Geochemical and Geostatistical Studies for Estimating Gold Grade in Tarq Prospect Area by K-Means Clustering Method ()
1. Introduction
In recent years, due to the high dependence of mineral projects on the precise determination of the tonnage of mineral materials, the various methods have been developed to estimate the grade such as geometric methods based on distance and geostatistics [1] [2].
Each method has limitations and disadvantages which affect the accuracy of the estimation [3]. One of the new methods is the grade estimation using the clustering. The cluster analysis methods are widely used in the earth sciences. The cluster grouping method is used to classify geochemical data [4].
The cluster analysis connects the observations to each other which together have many similarities, then, the observations consecutively connect them which are mostly similar to previous observations [5]. In other words, in clustering, we try to divide the data into clusters that the similarity is maximized between the data within each cluster and it is minimized between the data within the different clusters [6]. No classes already exist in the clustering method and in fact, the variables are not divided independently and dependently, but here, the search is performed to access groups of data which are similar to each other and the behaviors can be better identified by discovering these similarities and it can be operated to achieve a better result based on them [7]. The clustering method is an indirect method; this means that it can be used even when there is no previous information from the internal structure of the database.
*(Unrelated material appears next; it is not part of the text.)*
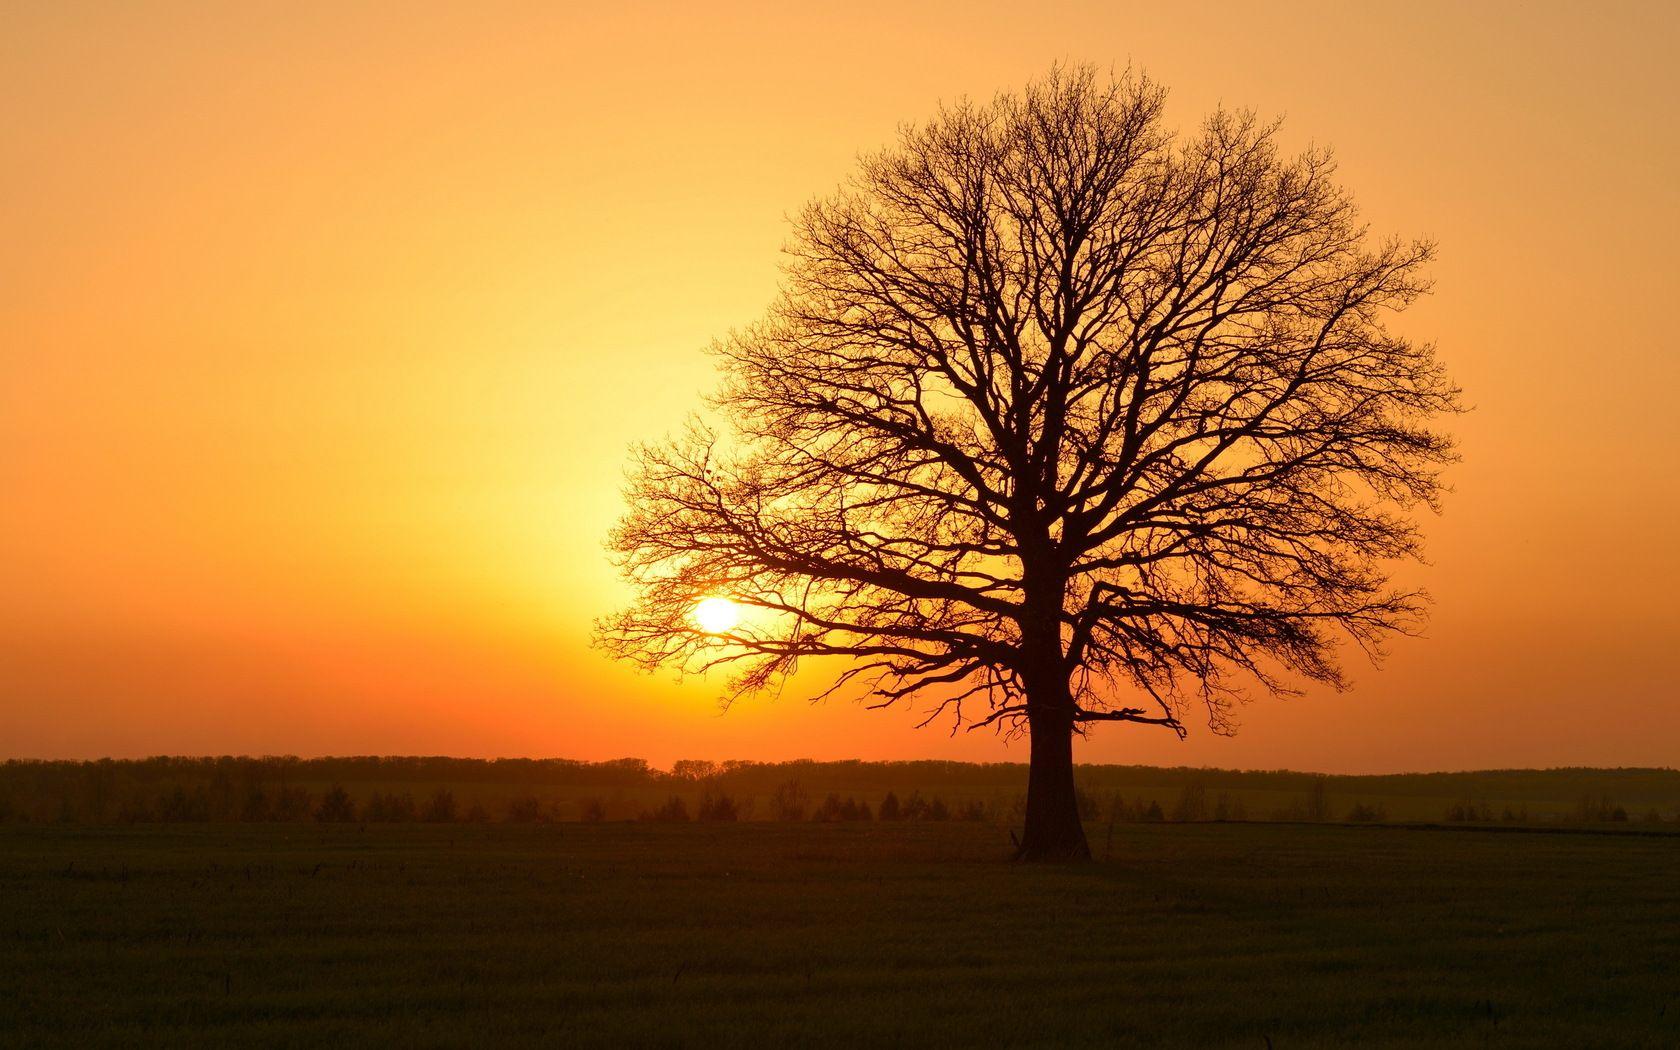 Golden Tree Sunset Sunrise Sunset Hd Wallpaper
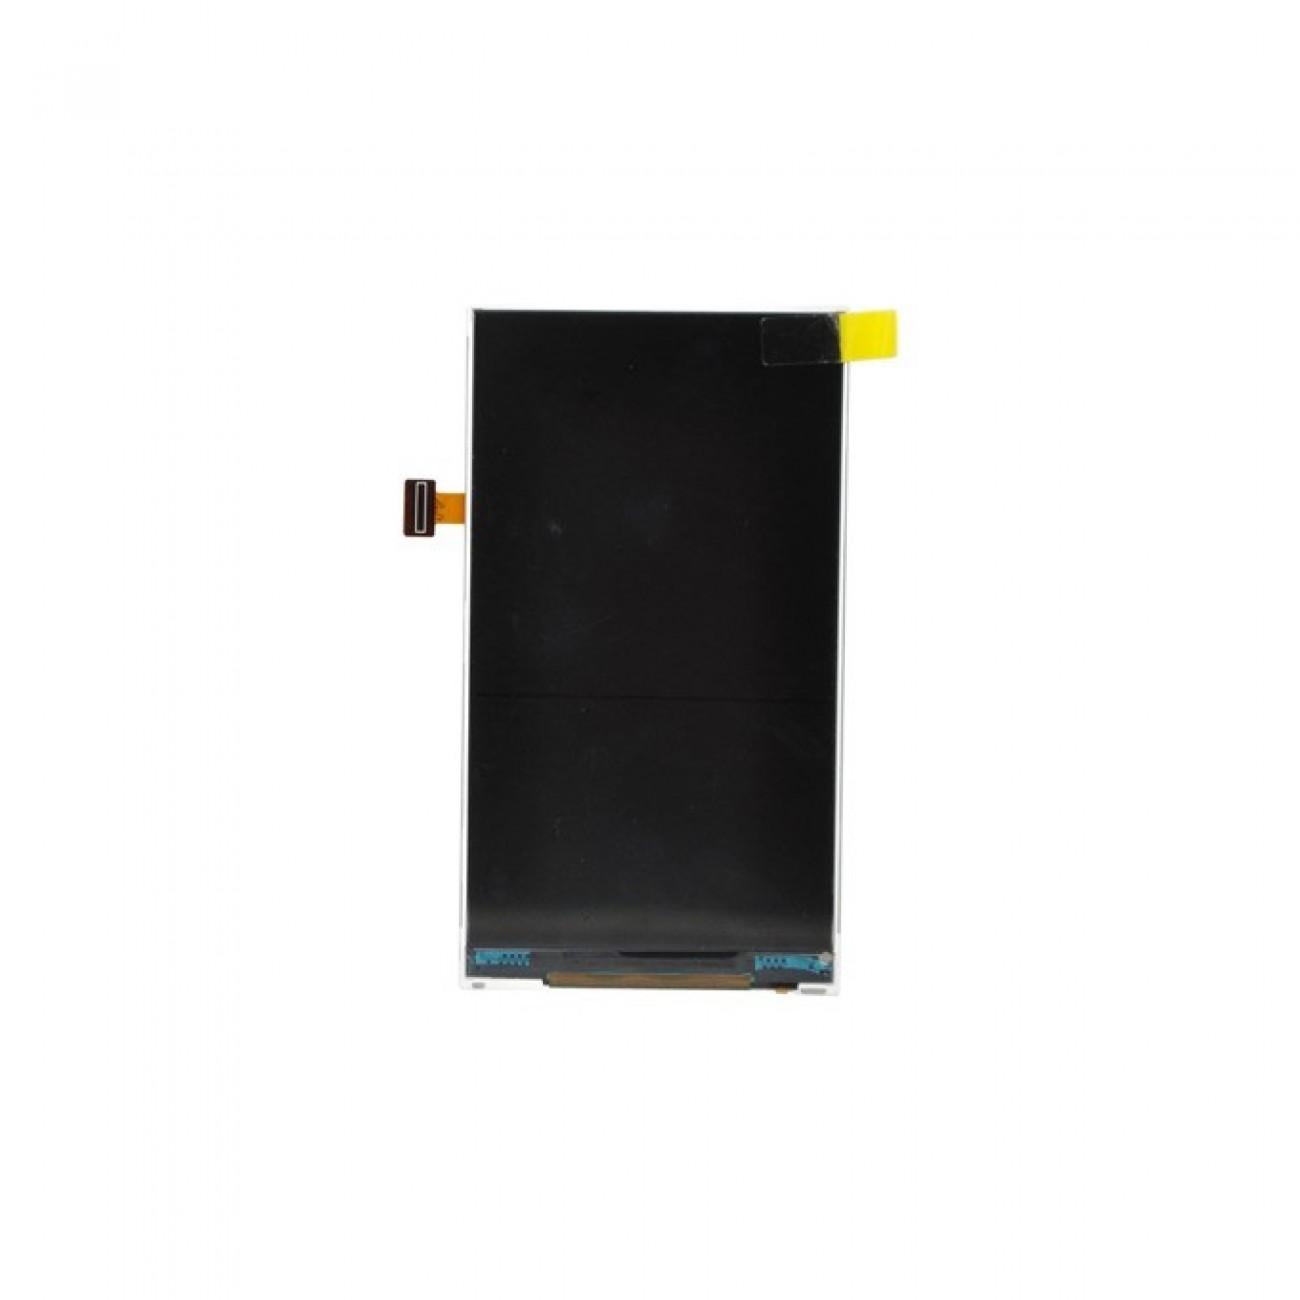 Дисплей за Lenovo A820, LCD в Резервни части -  | Alleop

This method can be used to discover hidden patterns and improve the performance of direct methods [8].
The K-means method is one of the methods for clustering the data in data mining. It is an exclusive and planar method which has been widely studied by different researchers and attempts to cluster the samples with the specified number of k classes so that the total Euclidean intervals of each sample are minimized from the center of the class which has been assigned to it [9].
The K-means methods are used to properly analyze the data behavior and available analyses to each other. Some of its applications include: the division of the geological terrain [10] , the classification of the effect of vegetation and the recovery of water health in the Mediterranean coast forests [11] , the presentation of geochemical patterns in mineral areas [12] , predicting the organic carbon in the intelligent systems [13] , and determining the effect of gas diffusion in urban environments [14].
In this article, the behavior of the gold, arsenic, and antimony elements has been evaluated using K-means method, MATLAB and SPSS software based on the data collected from the drainage sediments and then, the gold grade is estimated using the results.
2. The Study Area
The study area is the geochemical sheet 1:100.000 of stream sediments called Tarq which is provided by the Geological Survey of Iran with code 6356 and it is located in the geographic latitudes are 24˚51' to 24˚52', and the latitudes are 55˚32' to 33˚33' [15].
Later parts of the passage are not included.